You can read about the thinking and research that went into this test, but the outcome was the creation of two variations that centered on fear. In Joanna’s words, “From there, we started to bring in much of the page that had already won.” Here’s what changed:
- We revised the hero to more seamlessly connect the new PAS top with the rest of the page.
- We added more proof points, like “4 million towelettes sold.”
- We removed the 4-step “demo” because I wasn’t entirely sure prospects needed to see that in order to buy. It may be worth testing the addition of it later.
- We changed the use case area (i.e., where we wrote about nervous sweating) to a 4-column area. This area didn’t make it into the final version we tested.
The first of the two variations looked like this:
Image via Copyhackers (full-pages of the three variations can be seen here)
- Variation B (PAS, woman) produced a paid lift of 49%, with 99% confidence
- Variation C (PAS, man) produced a paid lift of 46%, with 99% confidence
And remember, that was tested against a page that had already achieved a 108% lift in revenue.
Walking the Line
Going the way of confrontation, antagonism, and pain is dangerous work.
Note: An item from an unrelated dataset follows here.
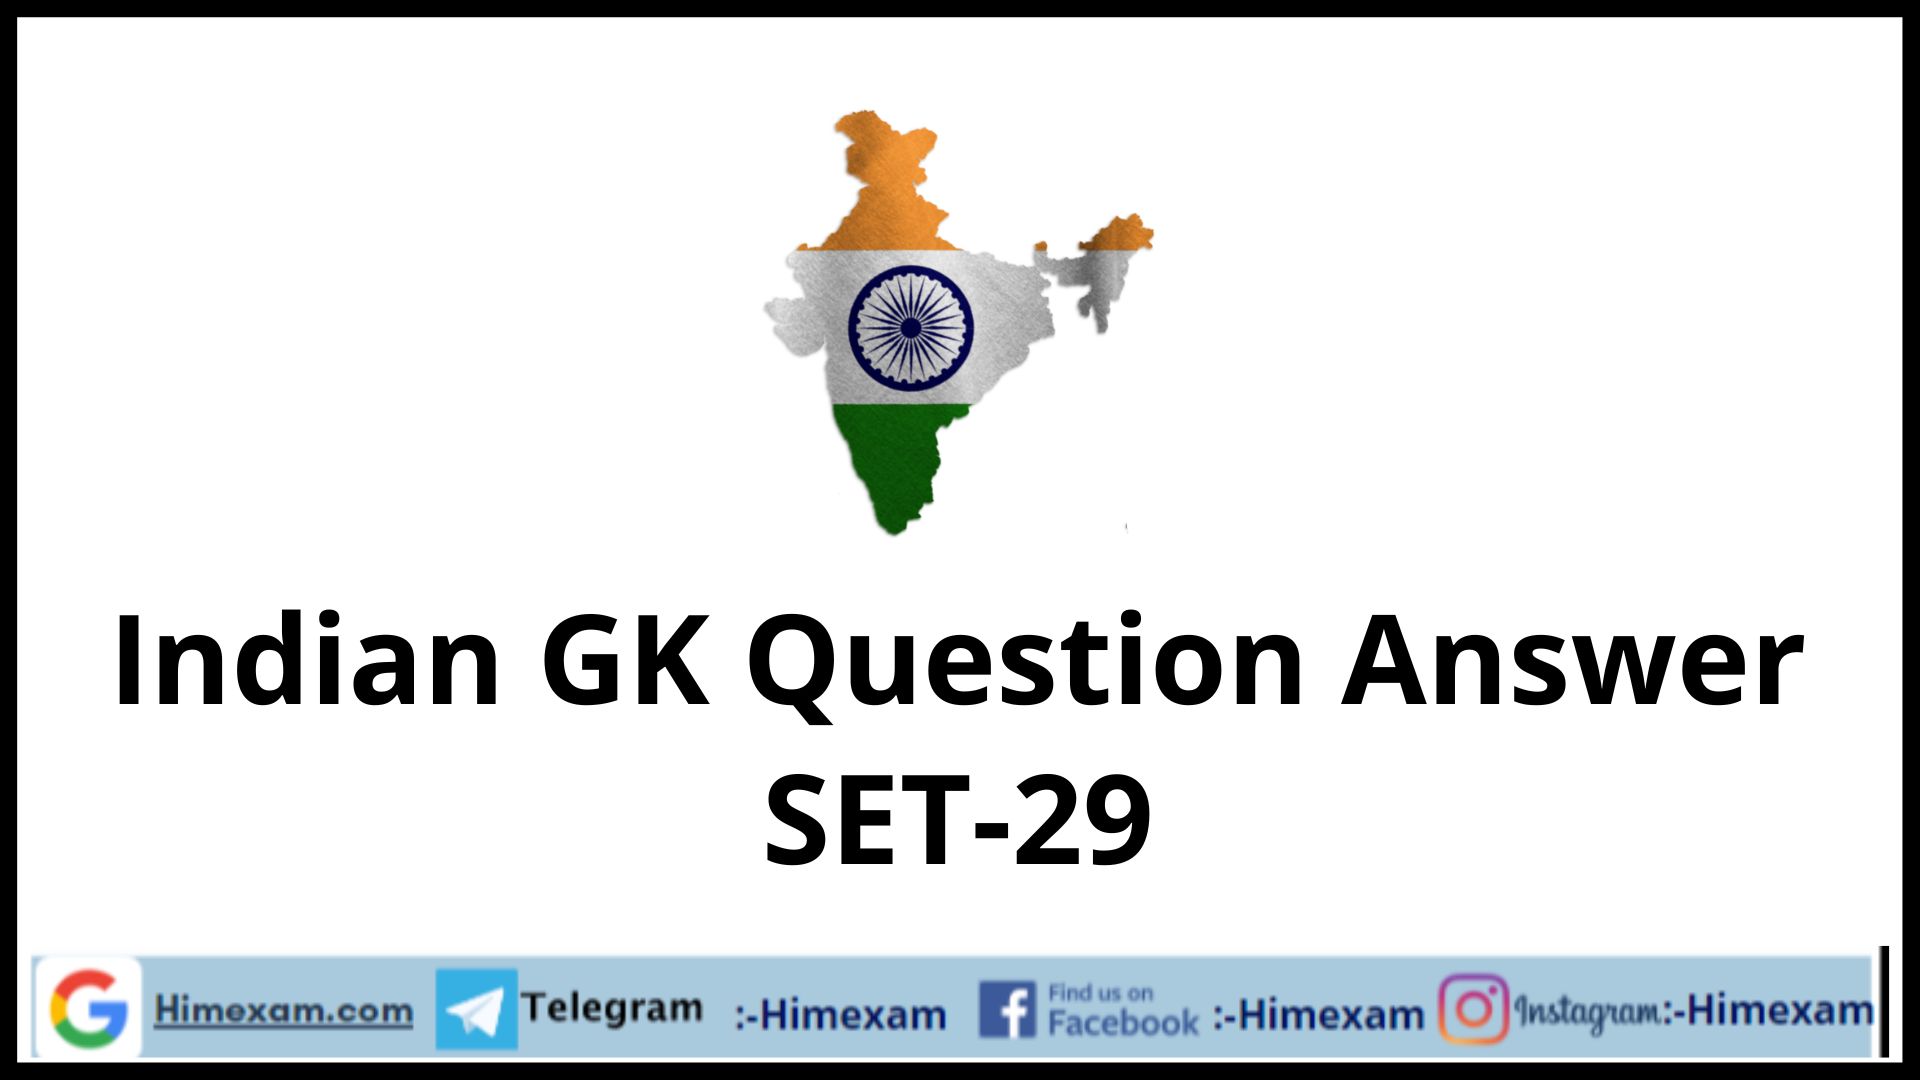 Indian GK Question Answer SET-29

Walking the fear line in marketing demands two non-negotiable ingredients: first, the hell you’re offering salvation from has to be real and, second, so does the salvation your product is offering.
When those two come together, jabbing your audience over and over until they get so uncomfortable they have no other choice but to click isn’t only effective — it’s an act of genuine kindness. Just be sure to use the power of confrontation wisely; otherwise, you may find yourself with an uncomfortable confrontation all your own.